Ты рассказала нам о тяжелой болезни Генриха лишь когда опасность миновала. Современная медицина, даже если и не помогает, крайне полезна людям вроде нас и вас – мы хотим знать, что происходит. Вы понимаете общий принцип, но не знаете, что произошло на самом деле: зарубцевался ли разрыв, что сможет защитить ткани от новых растяжений? Неожиданное, чудесное выздоровление можно объяснить лишь резорбцией крови и закрытием разрыва.
Ты, конечно, сразу разобралась в анатомической стороне вопроса. То есть поражение не затронуло мозг. Если все повторится, и Генрих будет недалеко от больницы, в случае серьезной опасности можно согласиться на операцию – конечно, в ней нет ничего приятного, но она совсем не так страшна, как операция на мозге. Я полагаю, позже можно будет установить, на месте ли аневризма и произошли ли в ней какие-либо изменения.
Приятно читать, как спокоен Генрих и, конечно, как он использует новую возможность, чтобы разобраться в неврологии. В свое время я был полон того же энтузиазма. Эта сфера медицины при всей ее сложности невероятно прозрачна. Наши знания в этой области невероятно обширны, и все же она по-прежнему на грани познаваемого. Когда я разглядывал эти микроскопические изображения, мне всегда казалось, что я смотрю на далекие галактики. Мы узнаем все больше, но «скрытое за пределом» становится все недоступнее.

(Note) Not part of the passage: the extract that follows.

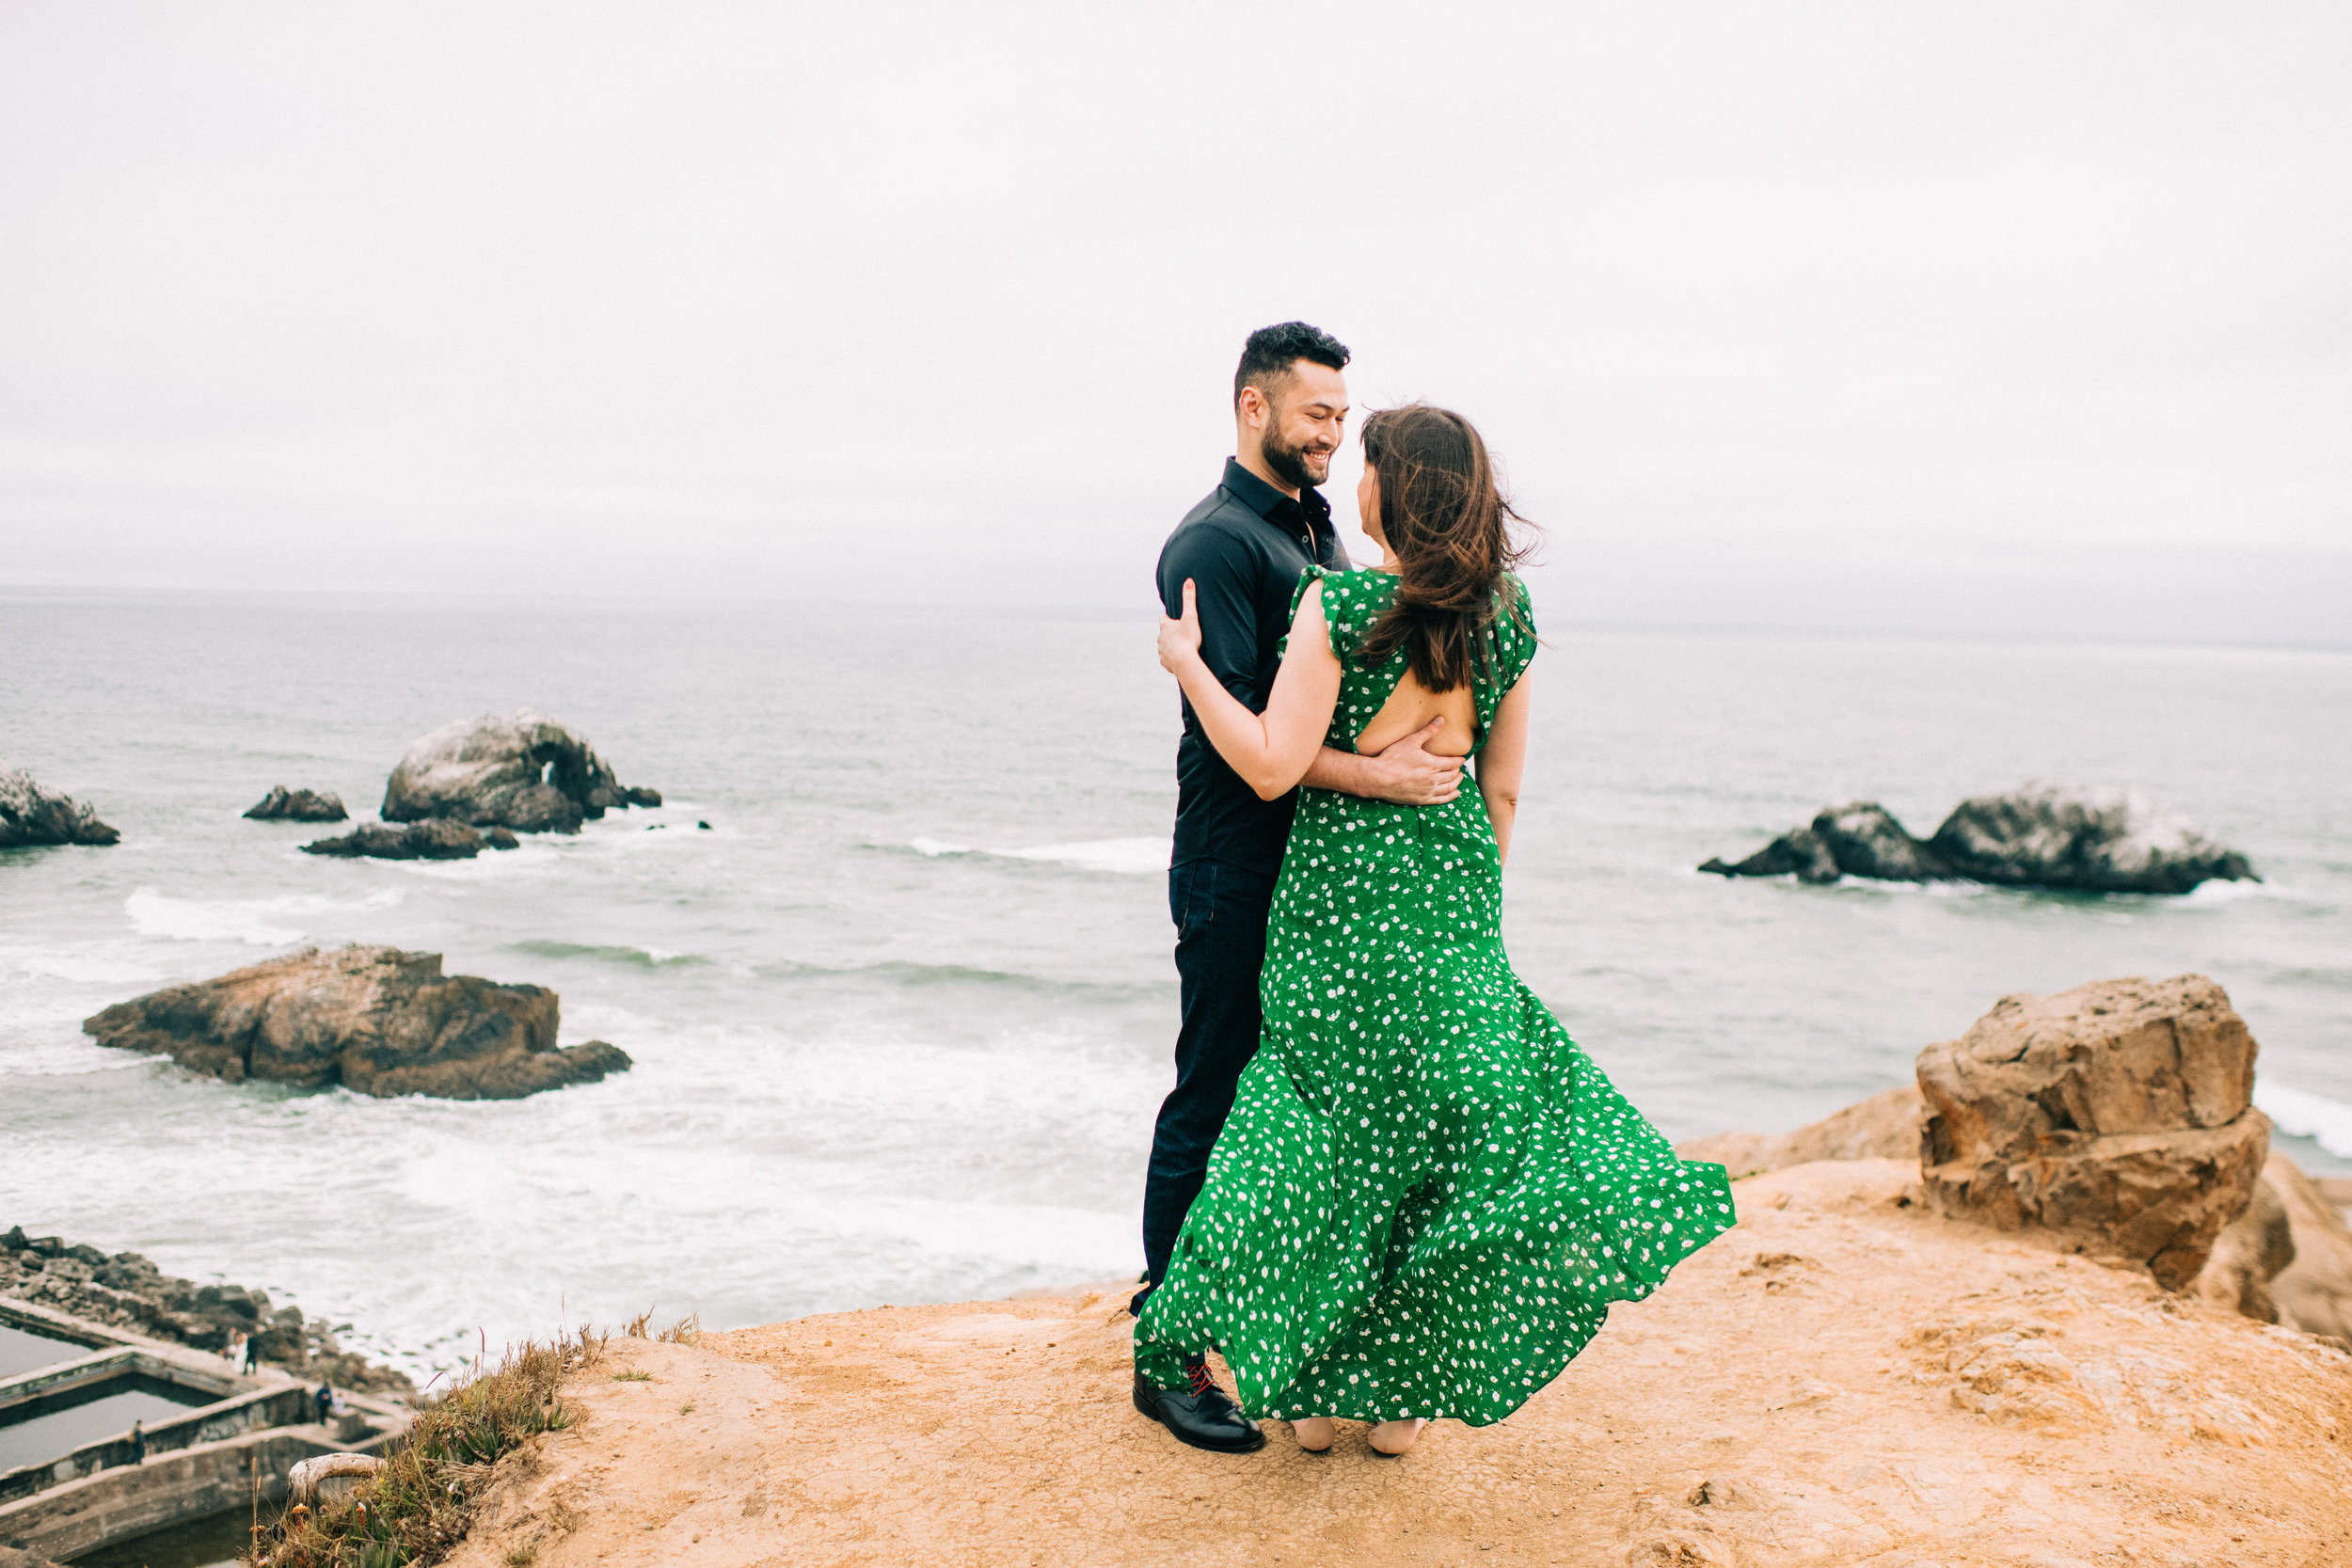 bay area lands end sutro baths oakland san francisco engagement wedding nontraditional fun creative eclectic photographer magic-118.jpg

Молодые люди вроде вас, как кажется нам, старикам, не должны страдать от подобных приступов. Какие глупые предубеждения для пожилых людей! Нам и в голову не пришло, что причина Вашего долгого молчания в тяжелой болезни. Я благодарен судьбе, что в этот раз она ограничилась лишь предупреждением. Беспокойство об опухоли – на тот момент совершено обоснованное – уже в прошлом. Но несмотря на благоприятный исход, я с нетерпением жду дальнейших известий. Спокойное восстановление и заживление шрамов еще впереди.
Я бы ни за что не поверил в такую интерпретацию поведения Хайдеггера, если бы не услышал ее от Тебя, ведь Ты так хорошо его знаешь. Он наверняка давно знает о твоих книгах, потому что о них пишут все газеты и они выходят одна за другой. Он лишь впервые получил книгу непосредственно от Тебя – и такая реакция! Самое невероятное возможно!
Второй том «Великих философов», план работы следующий: сначала я завершу работу над «Философской верой и откровением», затем приступлю ко второму тому. Так что я смогу начать не раньше весны 1962-го. Пока совершенно не представляю, когда смогу закончить. Подготовка идет очень хорошо. Но последовательный текст еще только предстоит написать, на основе всего, что уже есть. Пока я не планирую включать Кузанского и Экхардта. Мы решили сделать начало второго тома заключительной частью первого. Она занимает 330 страниц. Если второй том американского издания по объему должен соответствовать первому, к нему необходимо добавить чуть меньше чем 180 печатных немецких страниц. Мы позаимствуем их из второго тома немецкого издания. Возможно, они будут готовы в рукописи к осени 1962-го.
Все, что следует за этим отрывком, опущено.